Would you please restate the data exactly as it stands, apart from the pictures?

** Opening RAW DATA block **

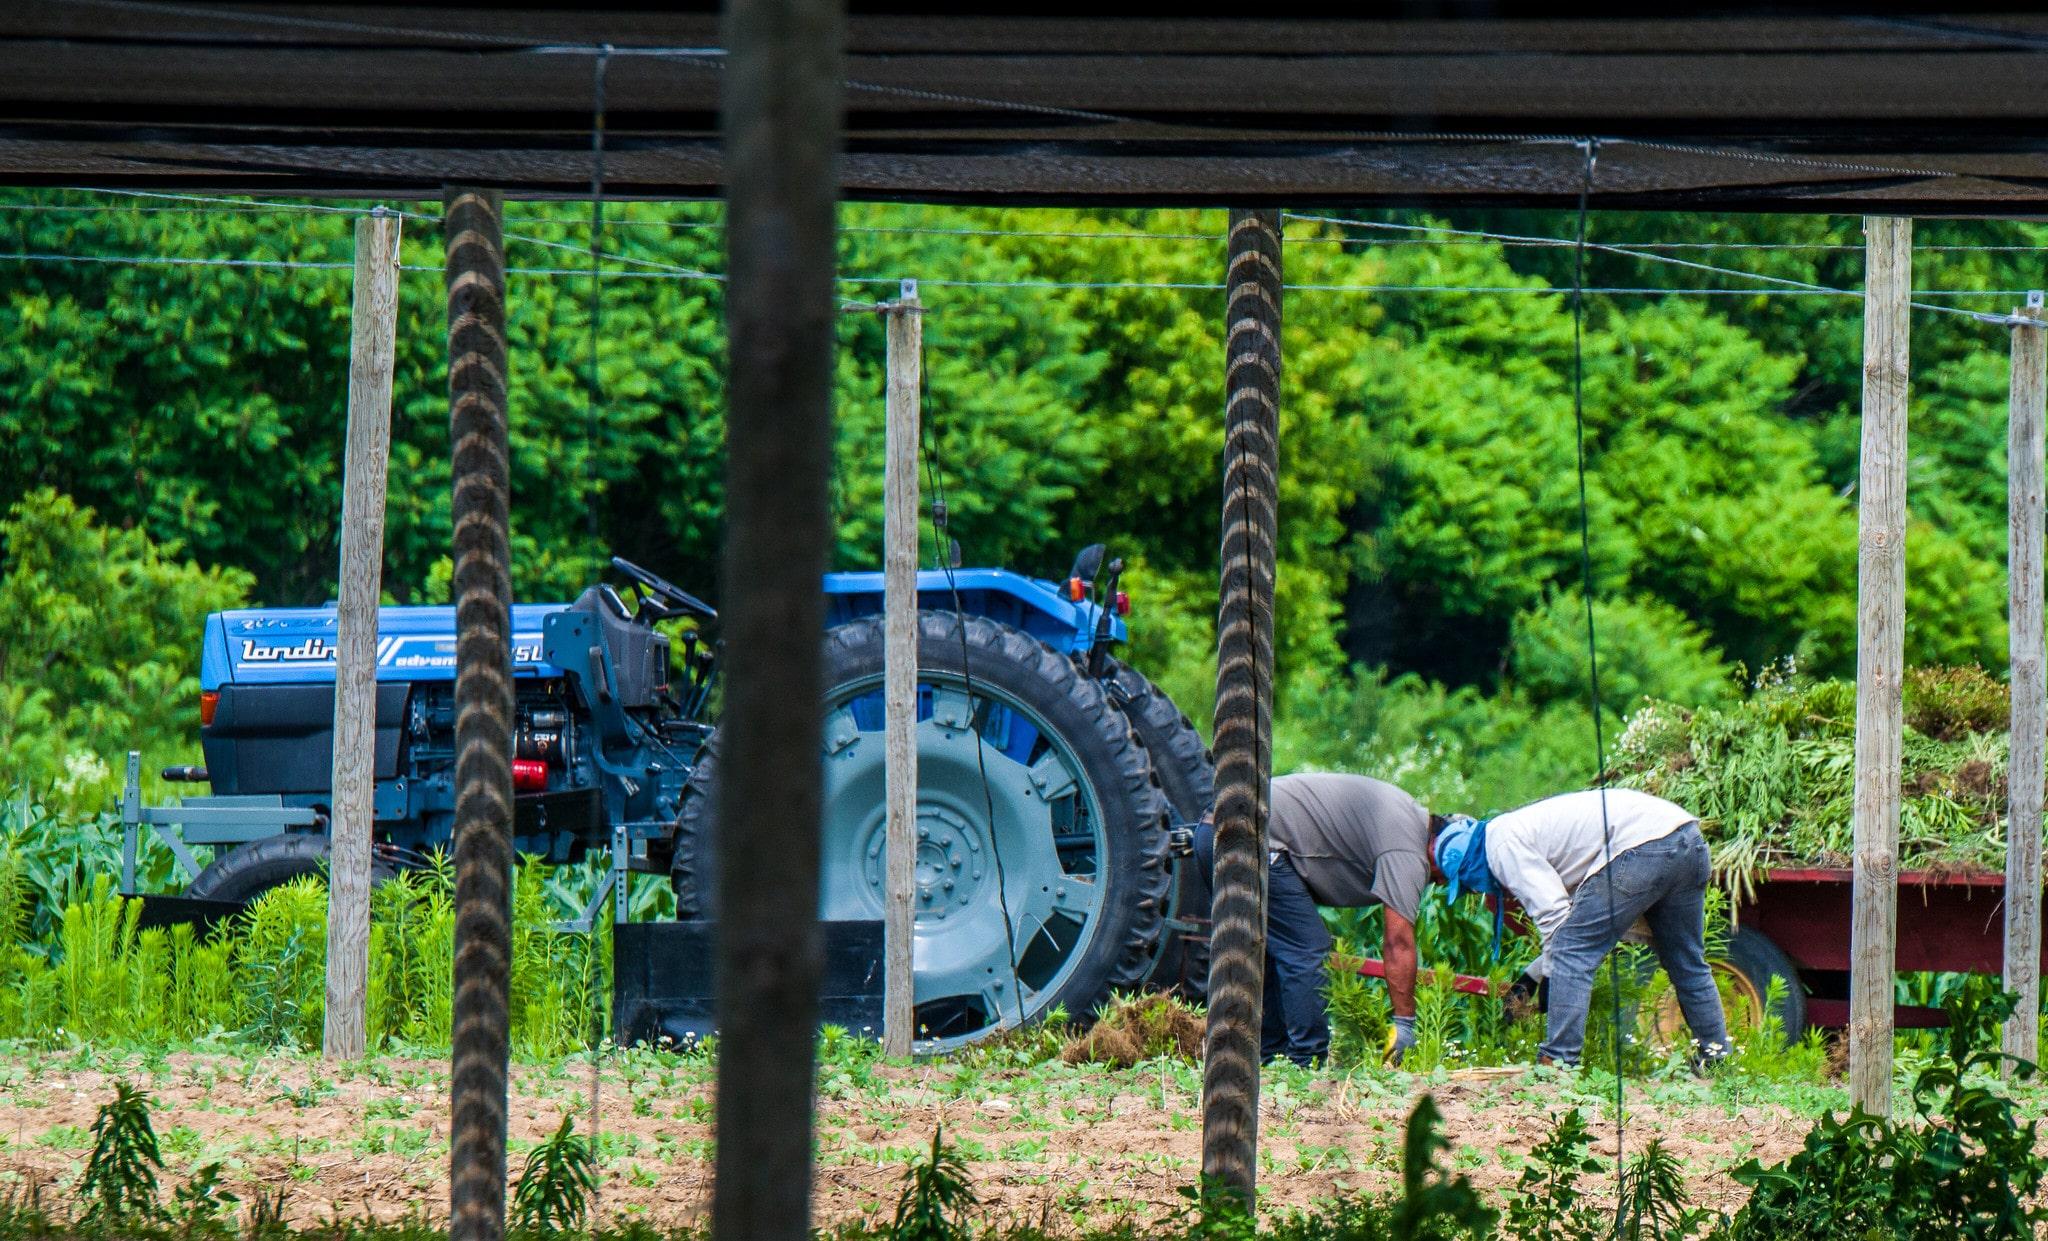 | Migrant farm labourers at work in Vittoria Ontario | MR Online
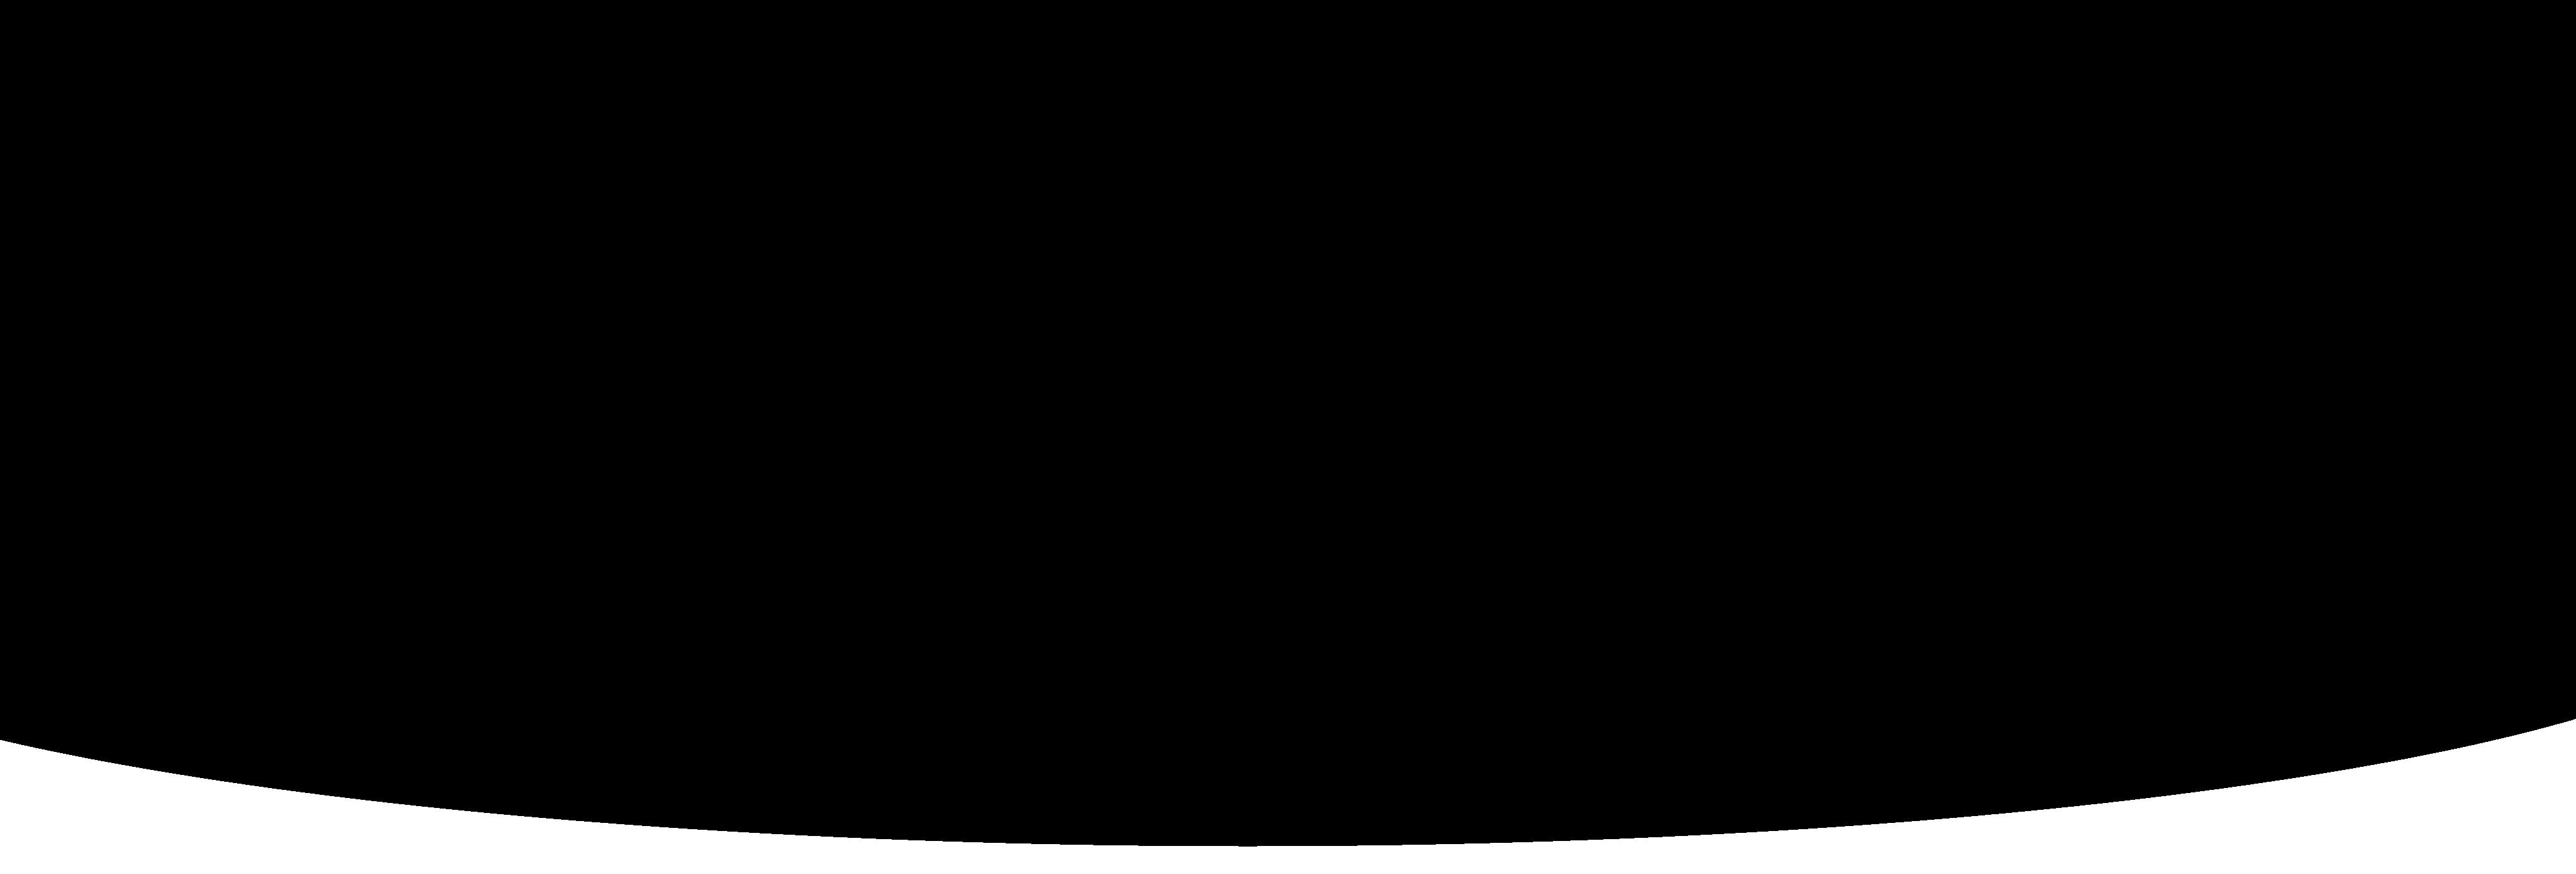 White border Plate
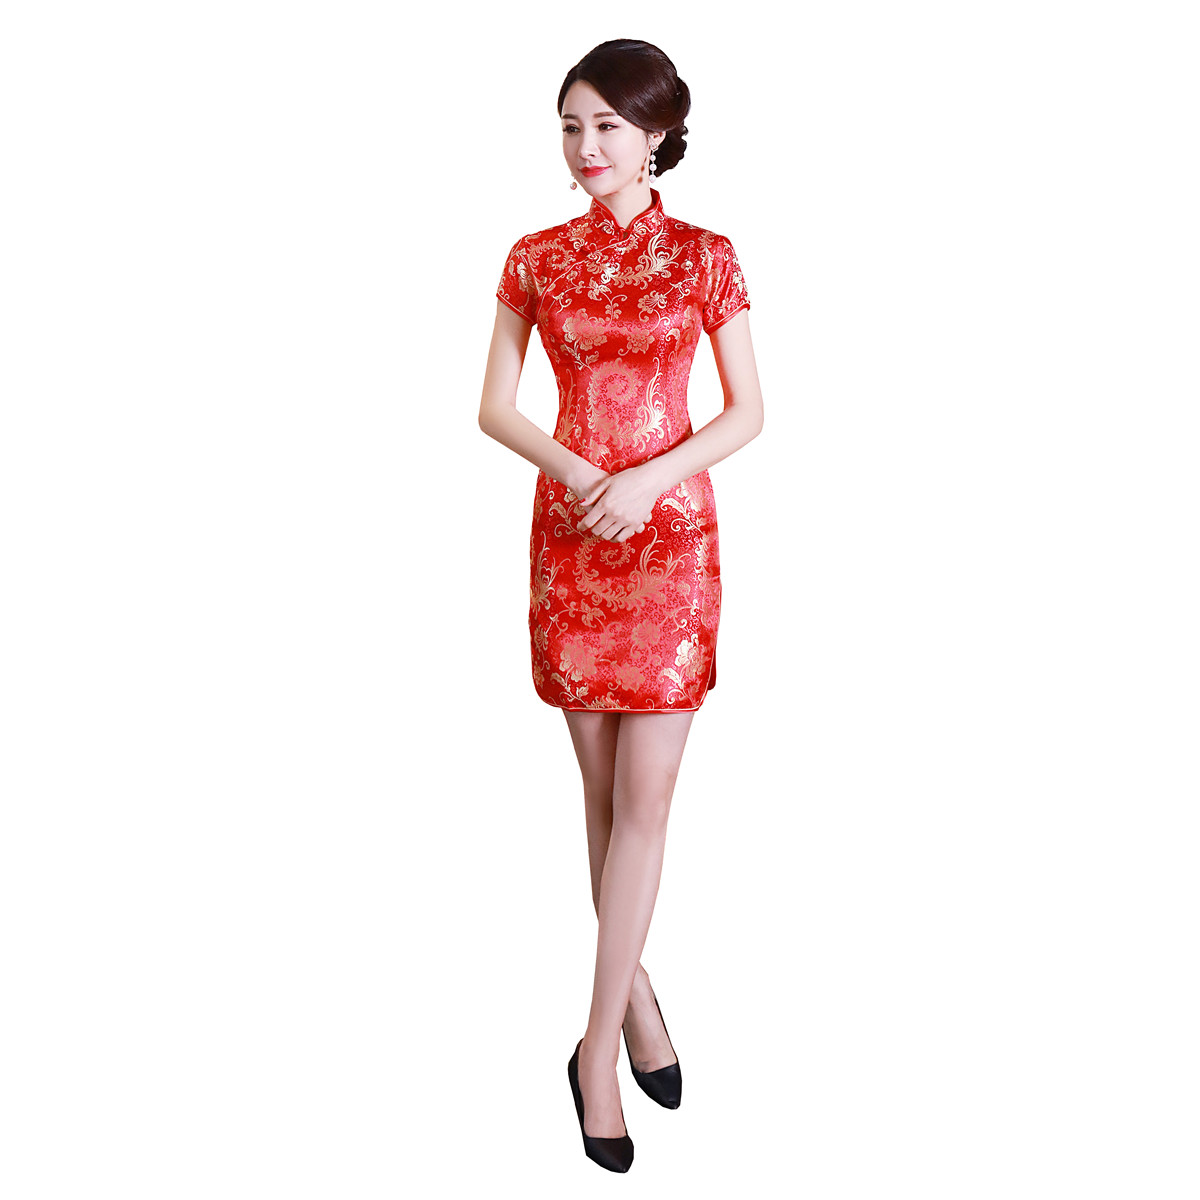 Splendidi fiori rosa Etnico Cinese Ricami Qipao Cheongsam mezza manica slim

** Closing RAW DATA block **

ANSWER TO THIS TASK =>
 | Migrant farm labourers at work in Vittoria Ontario | MR Online
 White border Plate
 Splendidi fiori rosa Etnico Cinese Ricami Qipao Cheongsam mezza manica slim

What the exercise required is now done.